Building on the recommendations and findings from R4D’s feasibility study, the Global Book Alliance was formally launched as a partnership in December 2016, with USAID, the Norwegian Agency for Development Cooperation (Norad), the U.K. Department for International Development (DFID) and the World Bank.

Our raison d’être intervention is ensuring that every child is learning how to read effectively,” said Joseph Nhan-O’Reilly, who serves as chair of the Alliance and was part of the initial discussions on whether this kind of global mechanism could work. “We know that in order to do that they need access to high-quality reading material to spark a love of reading, which is fundamental to learning how to read.”

The mission of the Alliance is “to guarantee that children everywhere have the books and learning materials they need to learn to read and read to learn.”

They intend to do this by sharing best practices and focusing on three flagship initiatives (focused on supply side issues of the market) to help close the book gap, beginning with the Global Digital Library, which was launched in Addis Ababa, Ethiopia, earlier this year.

The Global Digital Library, led by Norad, aims to collect existing high-quality, openly-sourced early grade reading resources, and make them available online, mobile and for print.
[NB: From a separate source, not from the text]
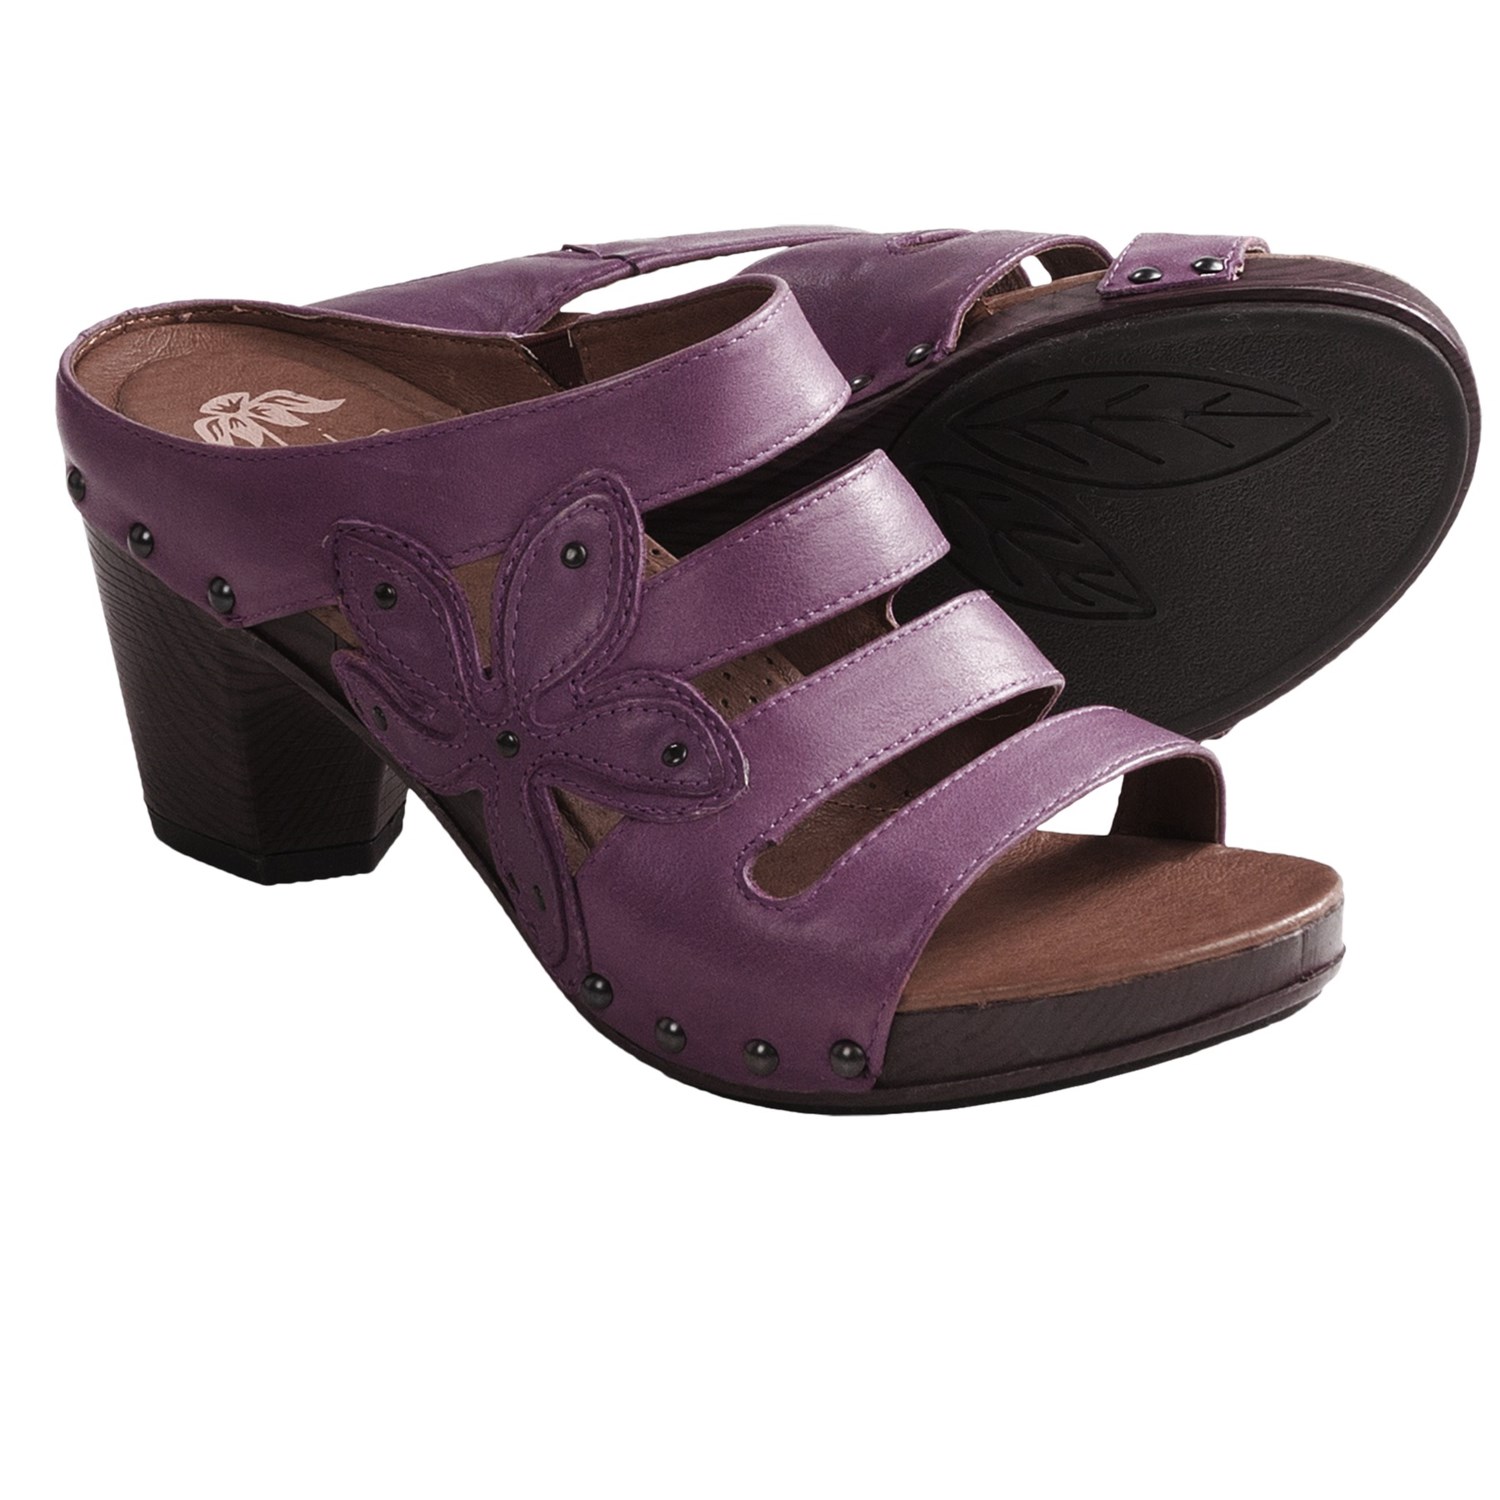 Dansko Nigella Sandals - Leather (For Women) in Violet Full Grain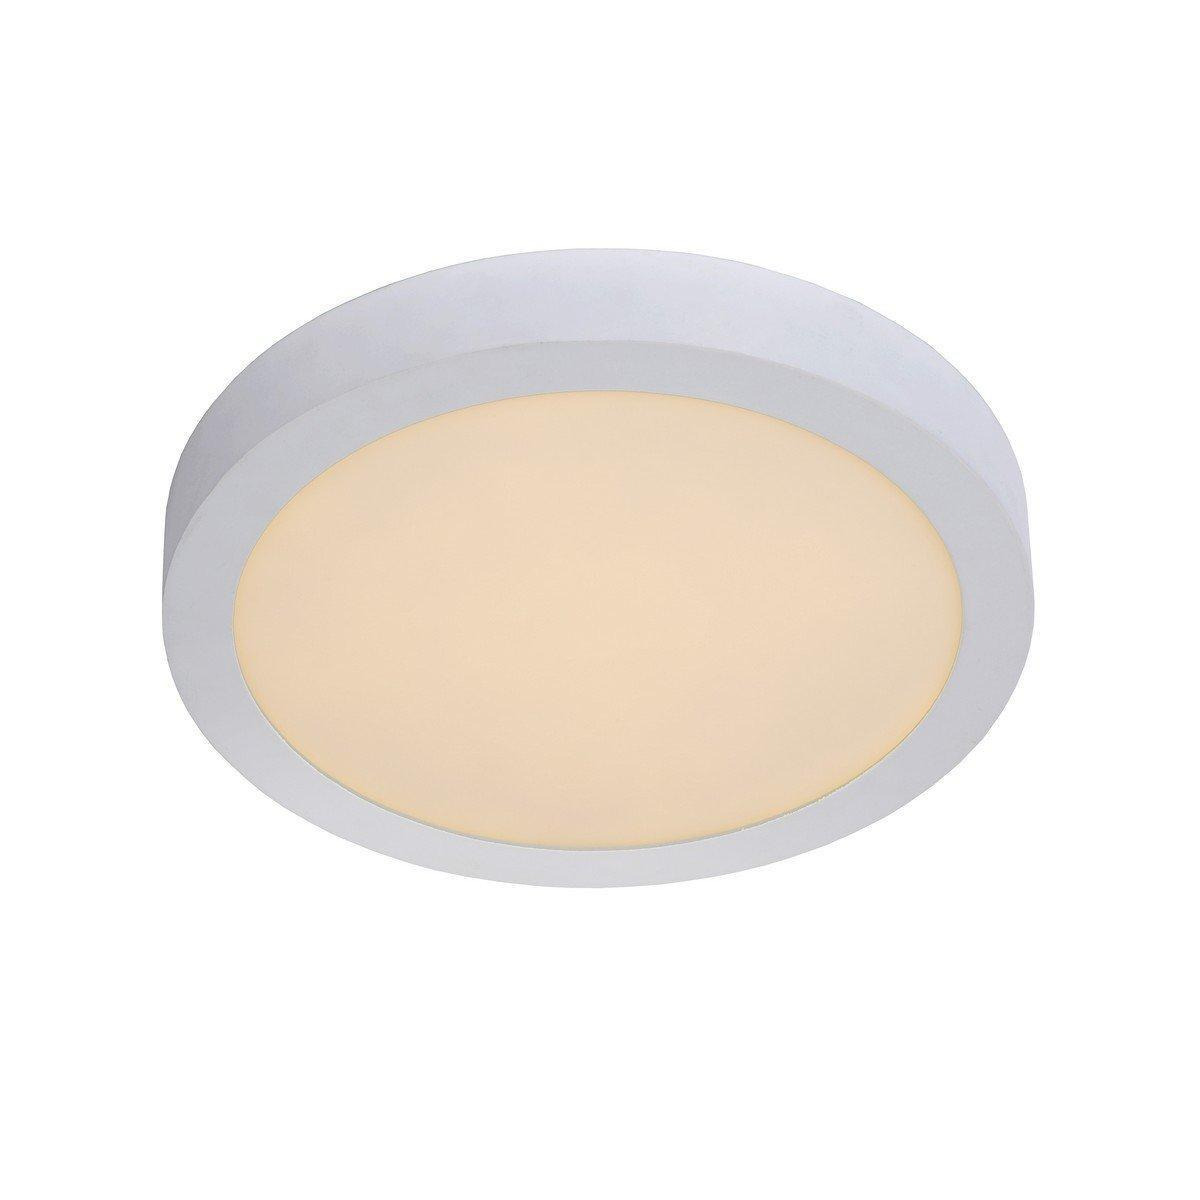 'BRICE' Dimmable Stylish Round Bathroom LED Flush Ceiling Light - image 1

It will also facilitate translation and localization of these resources to more than 300 languages. Other types of learning resources may be included at a later stage.

In the coming years, the Alliance expects to launch two other flagships, Publishing Collaboratives and the Global Book Campaign, to increase the number and quality of locally developed books. The Alliance also plans to carefully evaluate the impact of its activities and test different approaches.

Members of the Alliance are taking a systemic approach to closing the book gap by looking at all points of the book chain. They also recognize the availability of books does not translate into appropriate use inside and outside of the classroom. Therefore, ensuring that teachers, families and communities have the tools they need to use books to promote learning is a key priority.

Mark Roland, R4D’s program director for education, has watched with pride as the Global Book Alliance took shape.

“It’s been gratifying to see our team’s analysis and recommendations inform the creation of a new global effort to get books into the hands of children,” he said. “These kinds of partnerships and global collaborations are vital to accelerating long-term, sustainable improvements in literacy and learning.”

Though the Global Book Alliance has many projects underway, Nhan-O’Reilly said the Alliance is still working to refine its approach and, at a very basic level, get more people to understand the challenge and how a coordinated effort can help.

“We’re in a sense trying to build a shared understanding of the problem and of the possible solutions to it without necessarily pointing to one definitive way that the global book gap could be closed.”